In the proof of this, they let $f: X \rightarrow Y$ be continuous, where $X$ is connected, and prove that $Z = f(X)$ is connected. It says that since the restricted map to $Z$ is also continuous, it suffices to consider $g: X \rightarrow Z$. Supposing that $Z = A \cup B$ is a separation, then $g^{-1}(A)$ and $g^{-1}(B)$ are disjoint nonempty open sets whose union is $X$. And then they form a separation of $X$ which is contradicting the fact that $X$ is connected.
So here is my question: The reason we know that $g^{-1}(A)$ and $g^{-1}(B)$ are nonempty is because $g$ is a surjection (according to the book).
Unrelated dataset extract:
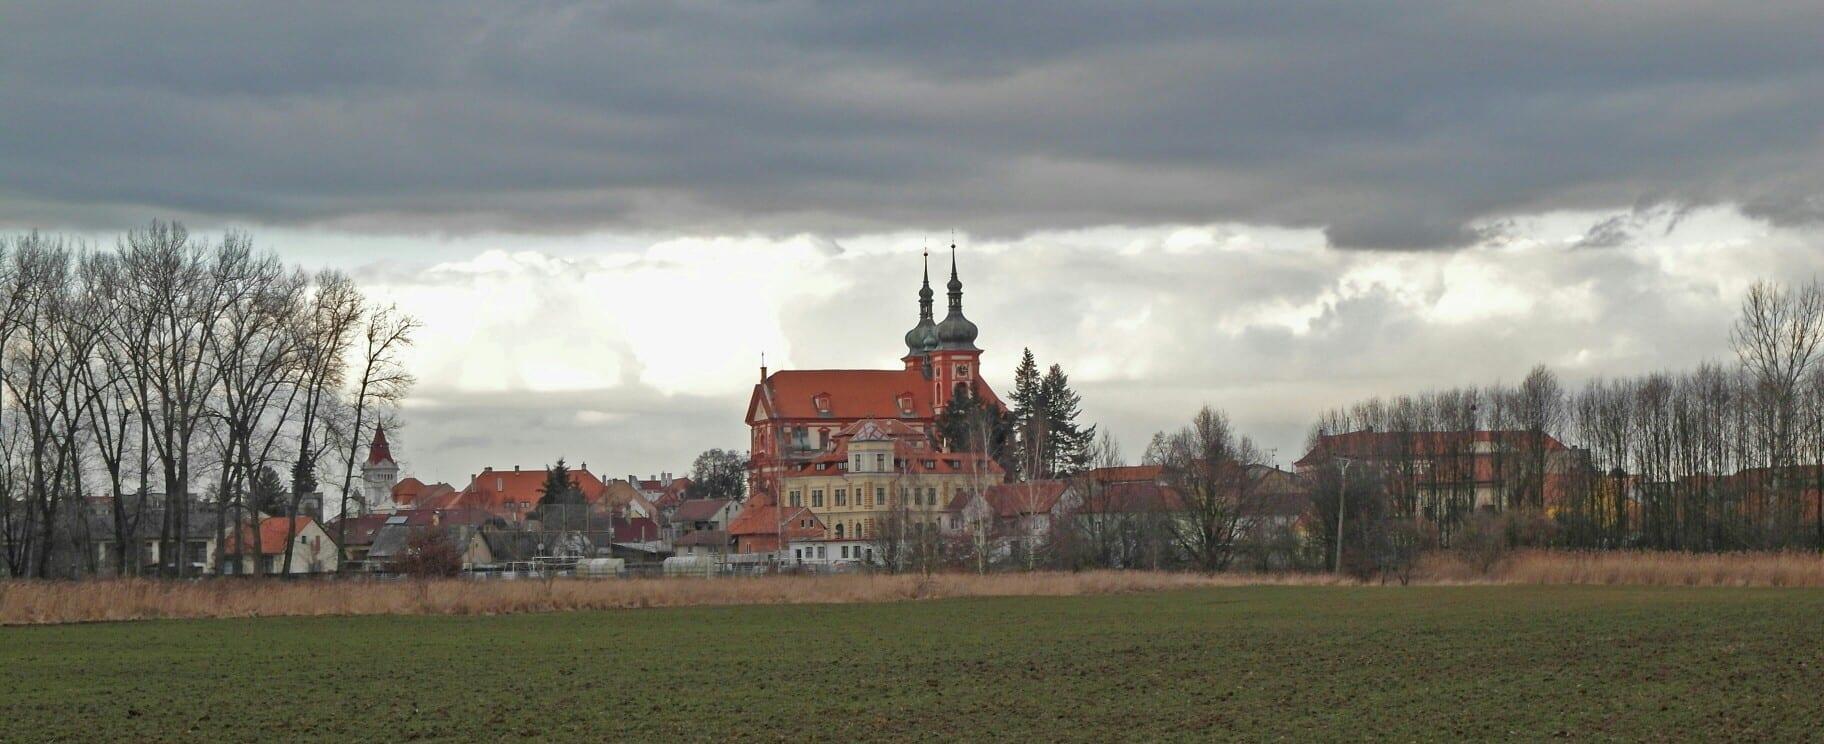 Výlety v okolí Prahy východ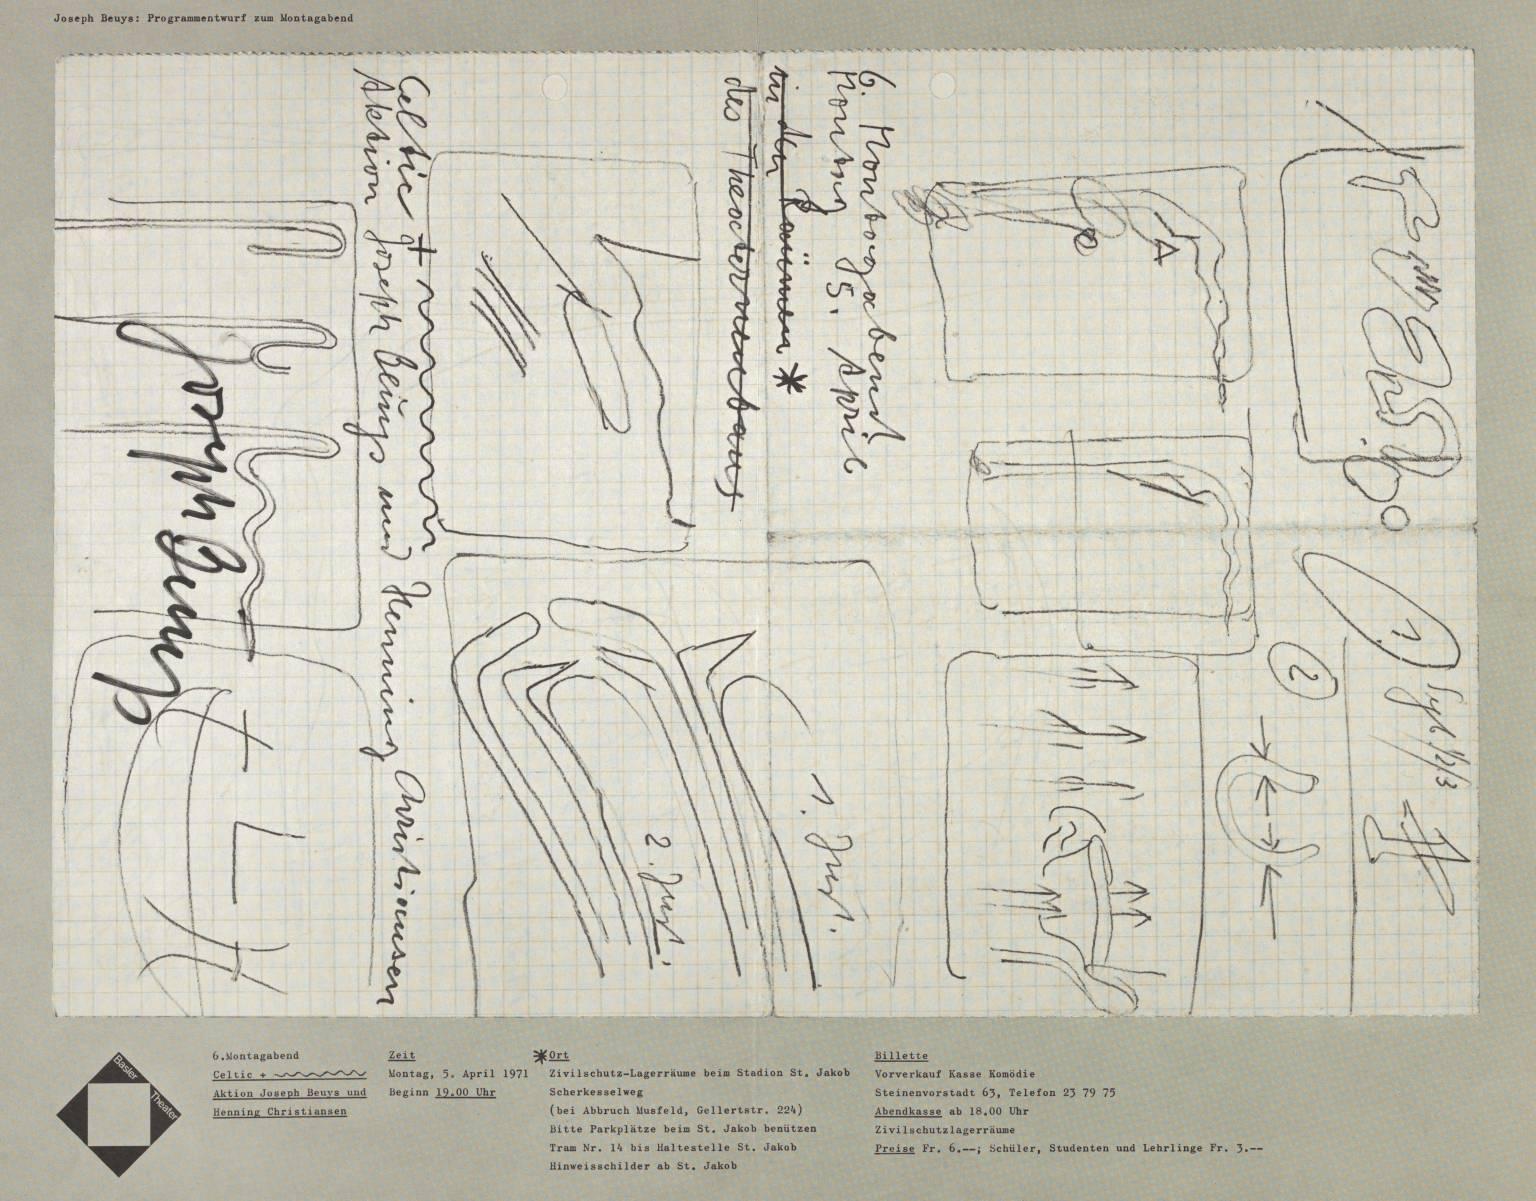 Joseph Beuys: Programmentwurf zum Montagabend. Baster Theater 1971 by Joseph Beuys 1921-1986

But how do we know for sure that $g$ is a surjection? We are told that $f$ is continuous and that $g$ is a restriction to $Z$, but what if $f$ is injective, couldn't $g$ be injective as well?
Best Answer
To say that $Z=f(X)$ means that $Z = \{f(x) \,|\, x \in X\}$. The restriction of the function $f : X \to Y$ to the subset $Z \subset Y$ is the function $g : X \to Z$ defined by $g(x)=f(x)$ for all $x \in X$ (sometimes this is called a "range restriction", as opposed to the usual notion of restriction which might be called a "domain restriction").
If we take any element $z \in Z$, then applying the definition of $Z$ we have $z=f(x)$ for some $x \in X$, and then applying the definition of $g$ we have $z=g(x)$. In other words, for each $z \in Z$ there exists $x \in X$ such that $g(x)=z$. This is exactly what it means for the function $g$ to be surjective.
By the way, $g$ might well be injective, but you asked about surjectivity which is different than (and logically independent from) injectivity.